Liens institutionnels

Toni-Lynn DeHaan : Se préoccuper des Canadiens et des agriculteurs canadiens

image - Toni-Lynn DeHaan

La plus grande joie que Toni-Lynn DeHaan retire de son travail tient aux ressources importantes qu'elle apporte à l'ACIA pour affronter n'importe quelle crise qui menacerait les cultures vivrières canadiennes et, donc, les moyens de subsistance des exploitants agricoles canadiens.

Toni-Lynn, qui est née et a grandi dans les provinces Maritimes, se préoccupe beaucoup des questions concernant les cultures de pommes de terre. Gestionnaire d'une section du laboratoire de la protection des végétaux de Charlottetown, elle applique les protocoles de diagnostics, supervise le programme d'agrément dans le secteur des pommes de terre et s'assure que les six laboratoires d'essais privés au Canada respectent les normes rigoureuses en matière d'assurance de la qualité applicables aux essais des pommes de terre.

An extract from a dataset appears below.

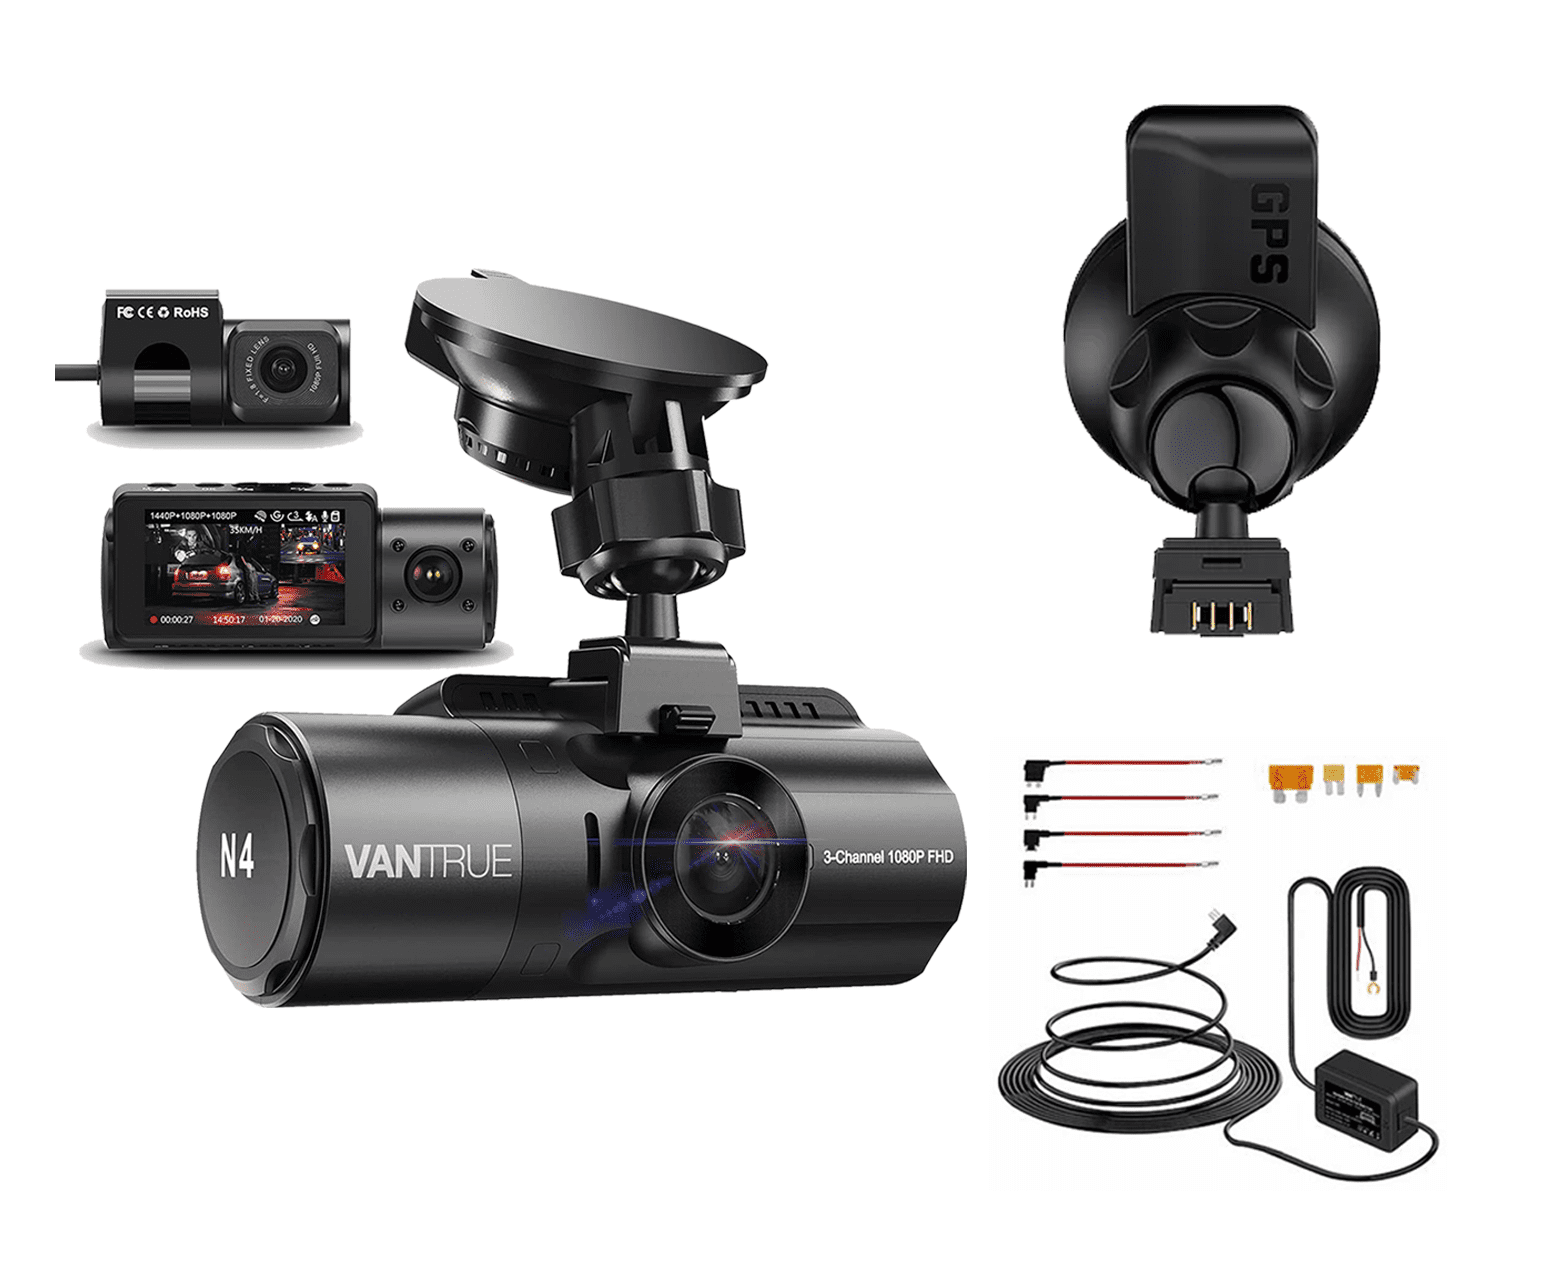 Vantrue N4 3 Channel 1440p Dashcam | mit GPS & Hardwire-Kit - Bundle

« Nous serions certainement le principal laboratoire appelé à affronter toute crise qui toucherait le secteur des pommes de terre, précise-t-elle. Nous aidons aussi des laboratoires traitant d'autres produits. »

Enjeux de taille

Toni-Lynn vit les instants les plus satisfaisants quand elle réussit à bien gérer une crise, comme la crise du PVY (virus Y de la pomme de terre) de 1989 à 1993, au cours de laquelle les États-Unis ont fermé leurs frontières aux pommes de terre de l'Île-du-Prince-Édouard. L'ACIA a alors examiné 100 000 feuilles de pommes de terre par jour pour détecter la présence du virus.

« Il s'agissait d'une situation d'urgence et des sommes énormes étaient en jeu, précise Toni-Lynn. Nous avons pu utiliser les ressources de l'ACIA pour résoudre le problème et protéger les moyens de subsistance des agriculteurs. C'est très gratifiant de s'investir dans des crises qui sont finalement résolues et d'y jouer un rôle important. »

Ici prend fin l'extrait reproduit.